GIVEN DATA
· · · · · · ·
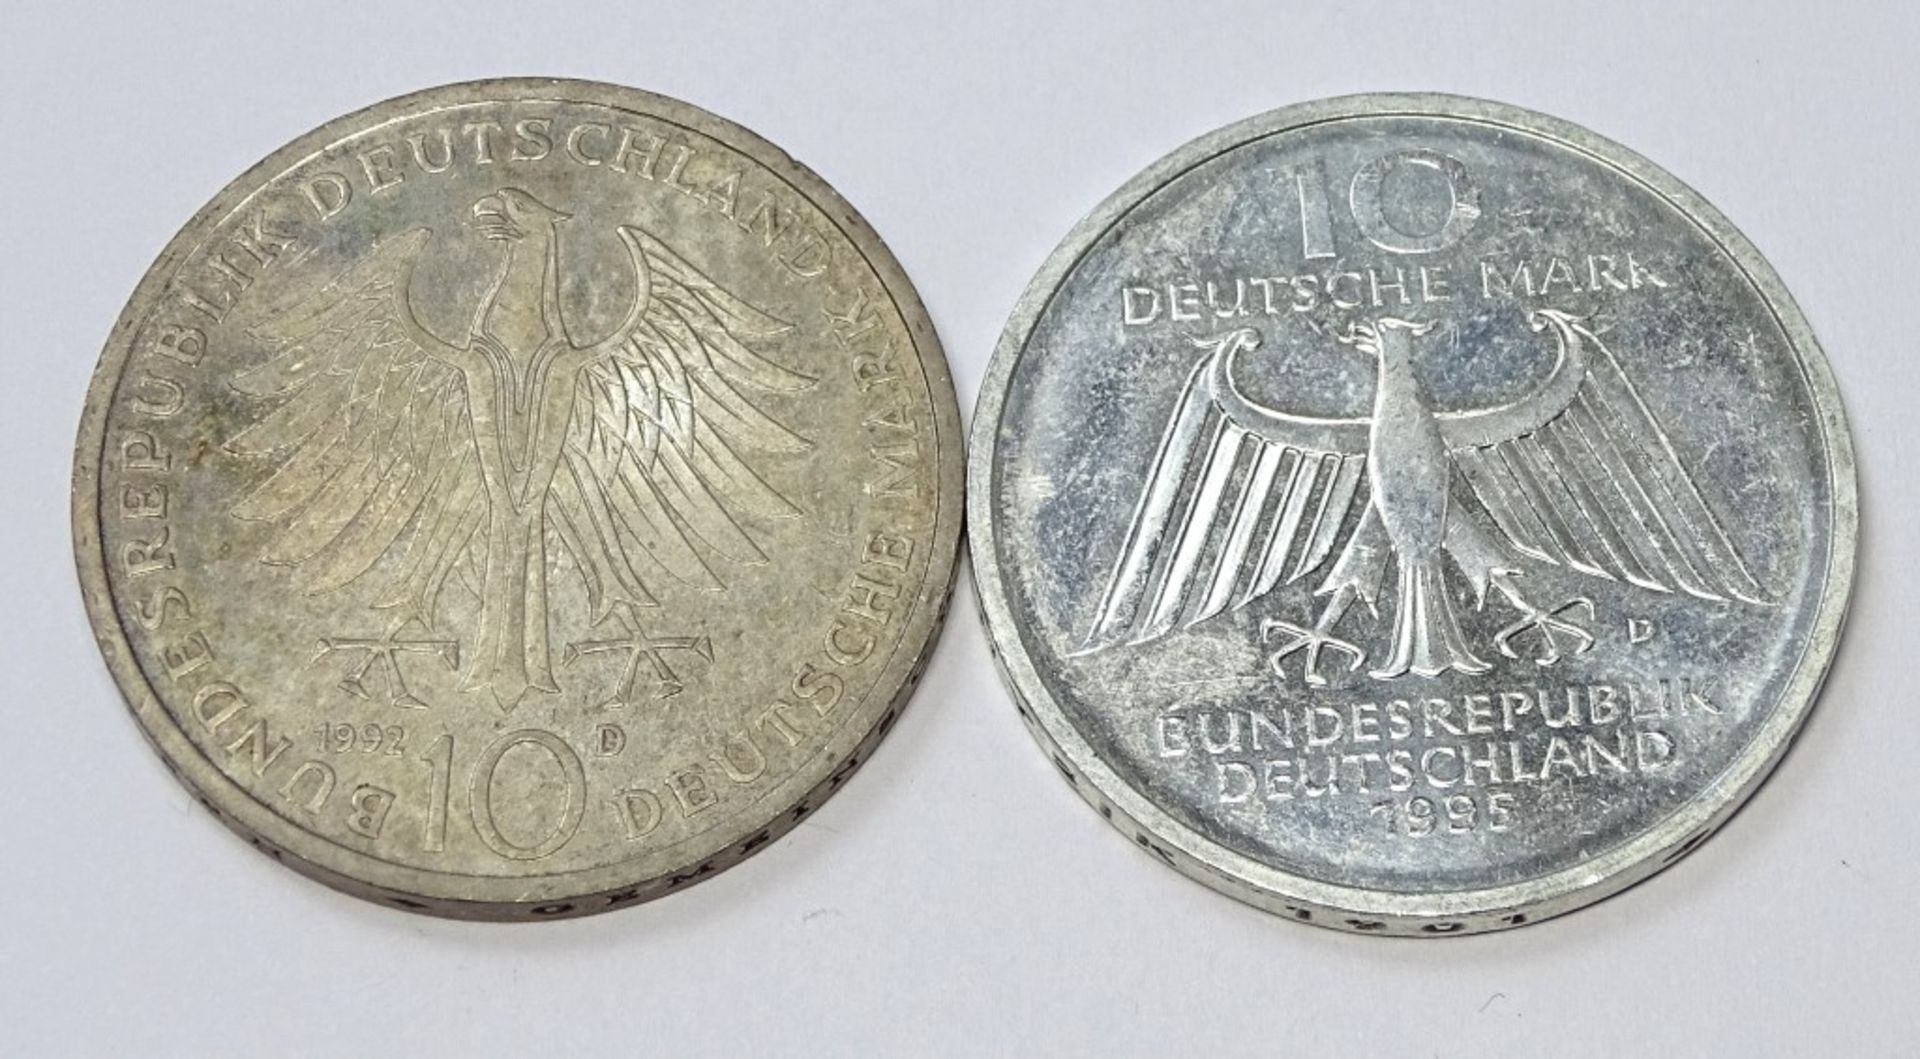 2x 10 DM Sondermünzen, 1992 und 199
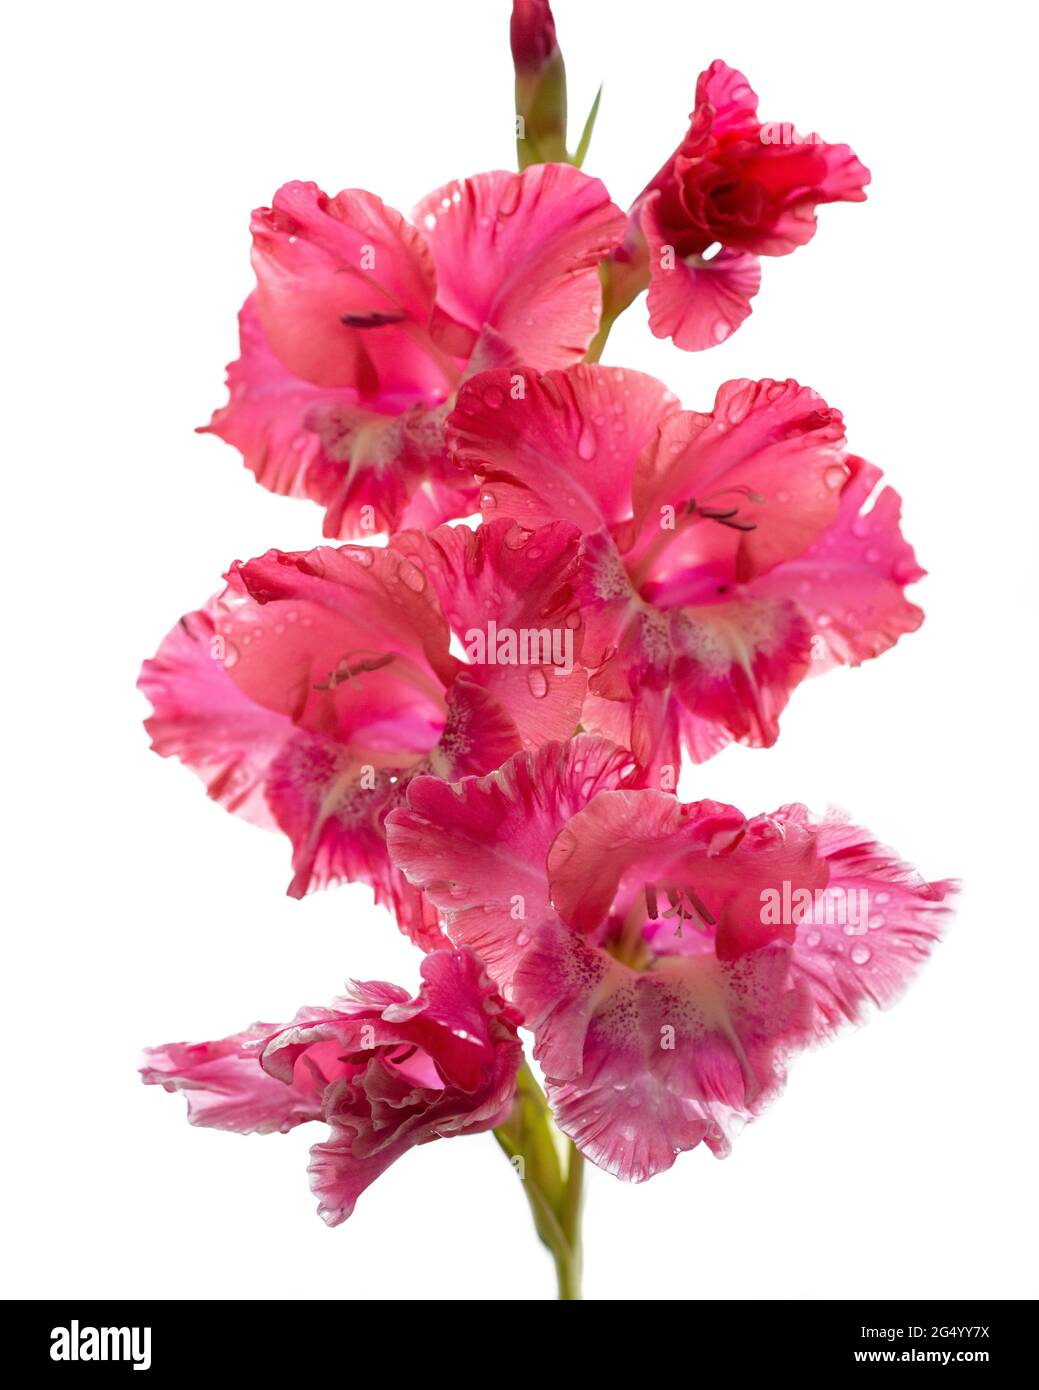 Photo de fleurs de gladiolus rose, magenta, rouge, pétales sur fond blanc. Banque D'Images
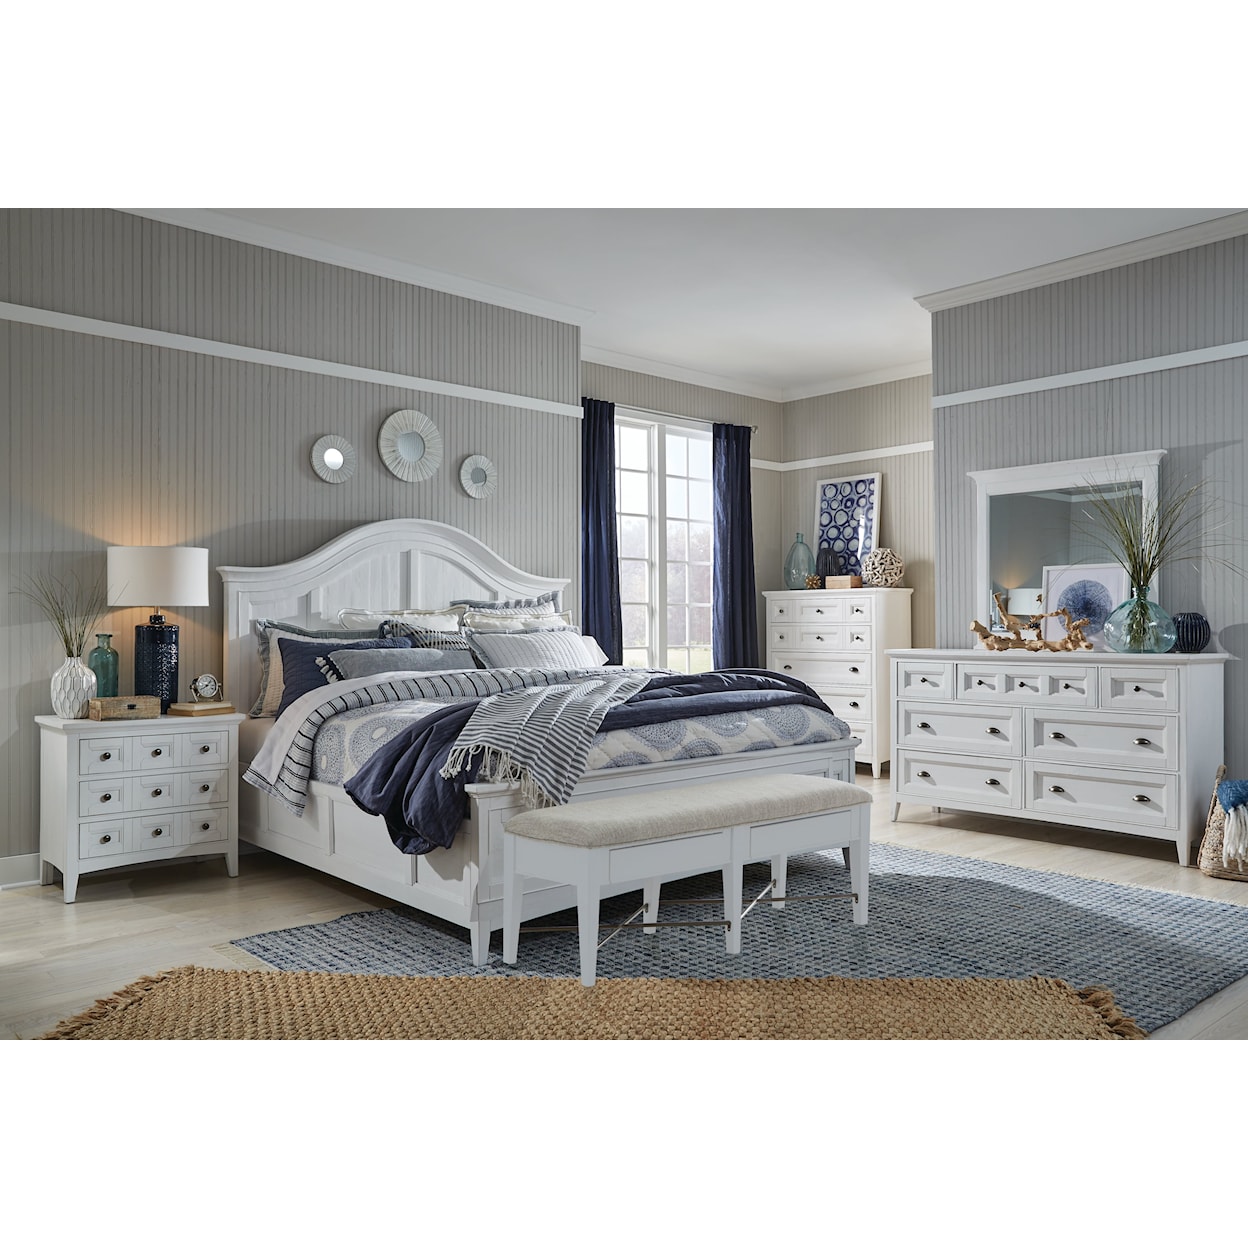 Magnussen Home Heron Cove Bedroom 4-Piece Queen Bedroom Set 
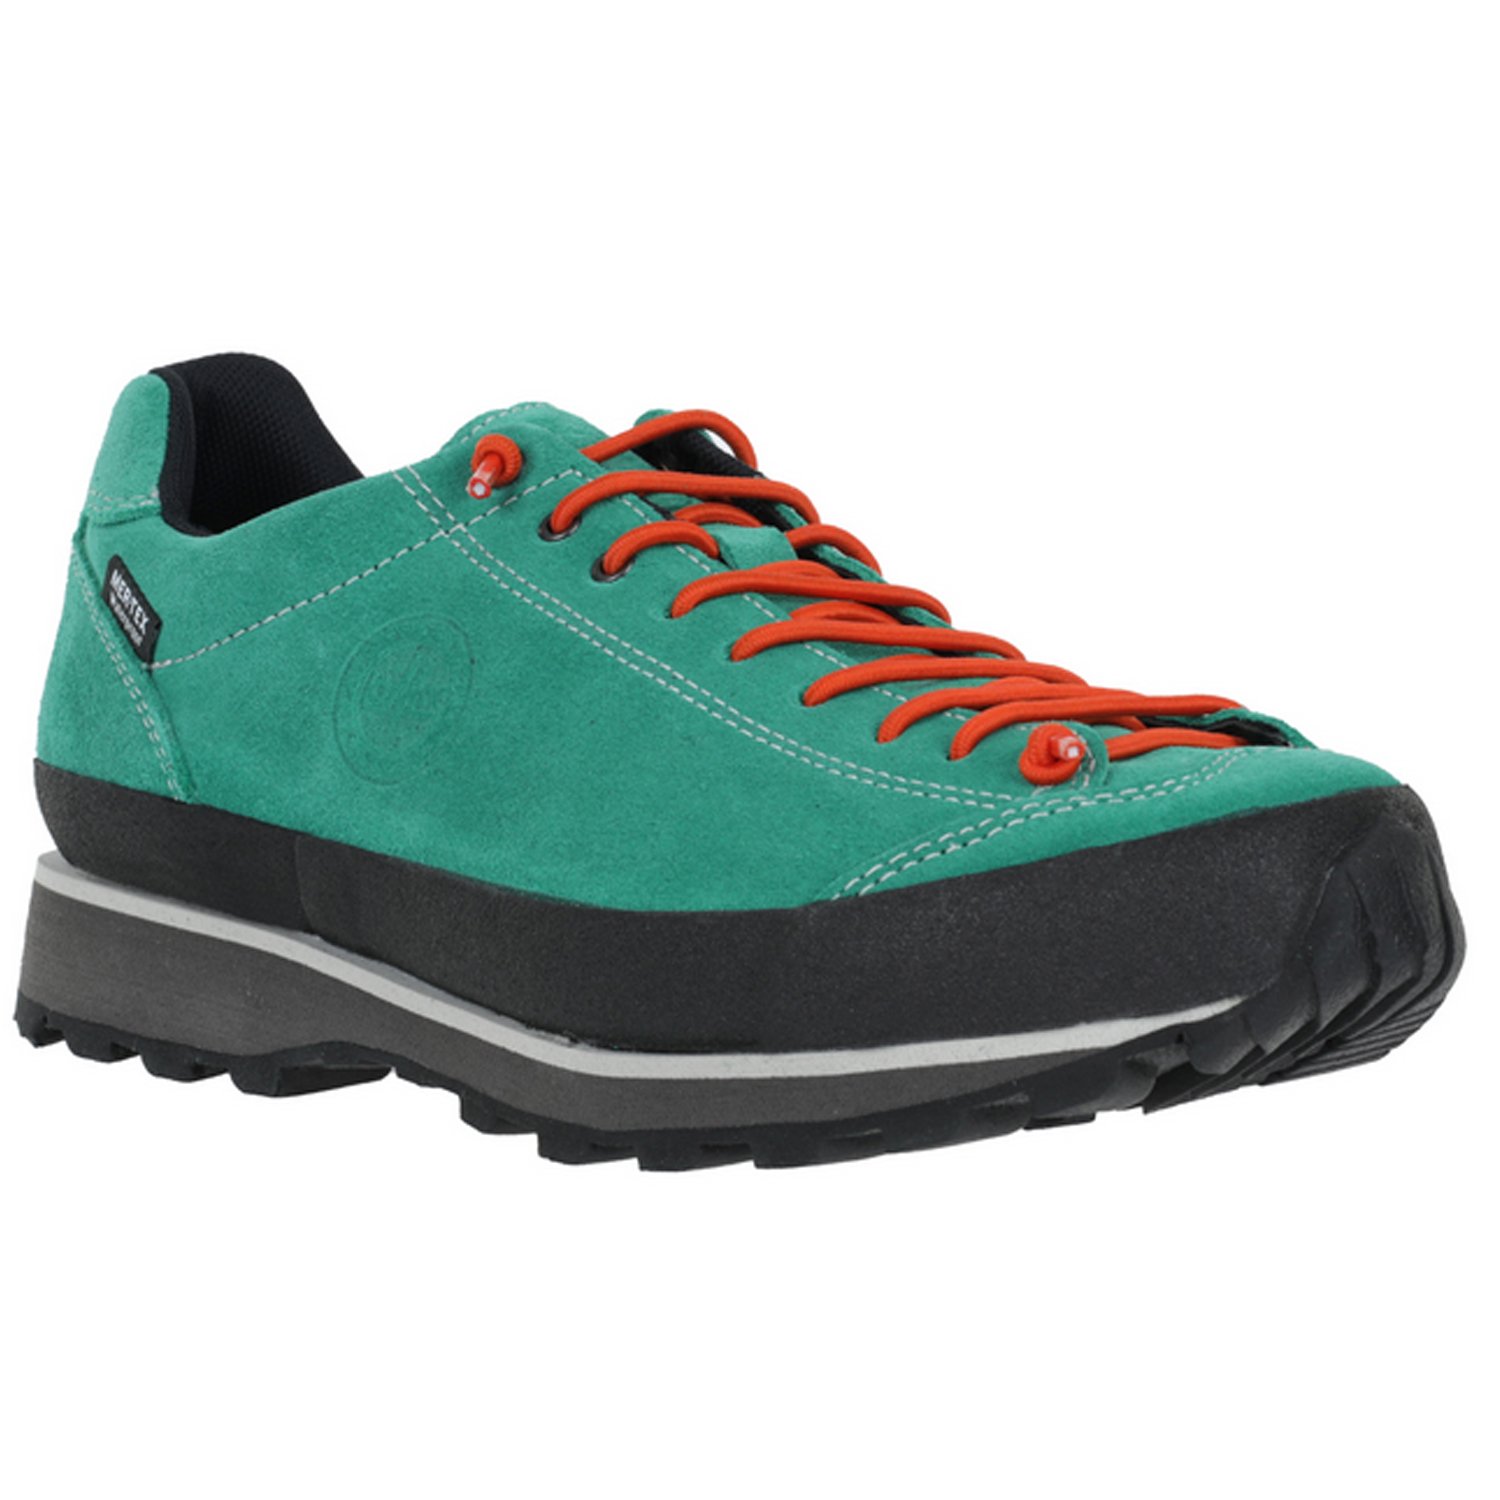 Ботинки Lomer Bio Naturale Suede MTX Elf, мужской, зеленый/оранжевый, 2023-24, 50082_A_27 ботинки lomer bio naturale canvas jasper 38 eu
· · · · · · ·
EXERCISE INSTRUCTIONS
Set down the entire material verbatim, with each picture left out.

ANSWER AREA
 2x 10 DM Sondermünzen, 1992 und 199
 Photo de fleurs de gladiolus rose, magenta, rouge, pétales sur fond blanc. Banque D'Images
 Magnussen Home Heron Cove Bedroom 4-Piece Queen Bedroom Set 
 Ботинки Lomer Bio Naturale Suede MTX Elf, мужской, зеленый/оранжевый, 2023-24, 50082_A_27 ботинки lomer bio naturale canvas jasper 38 eu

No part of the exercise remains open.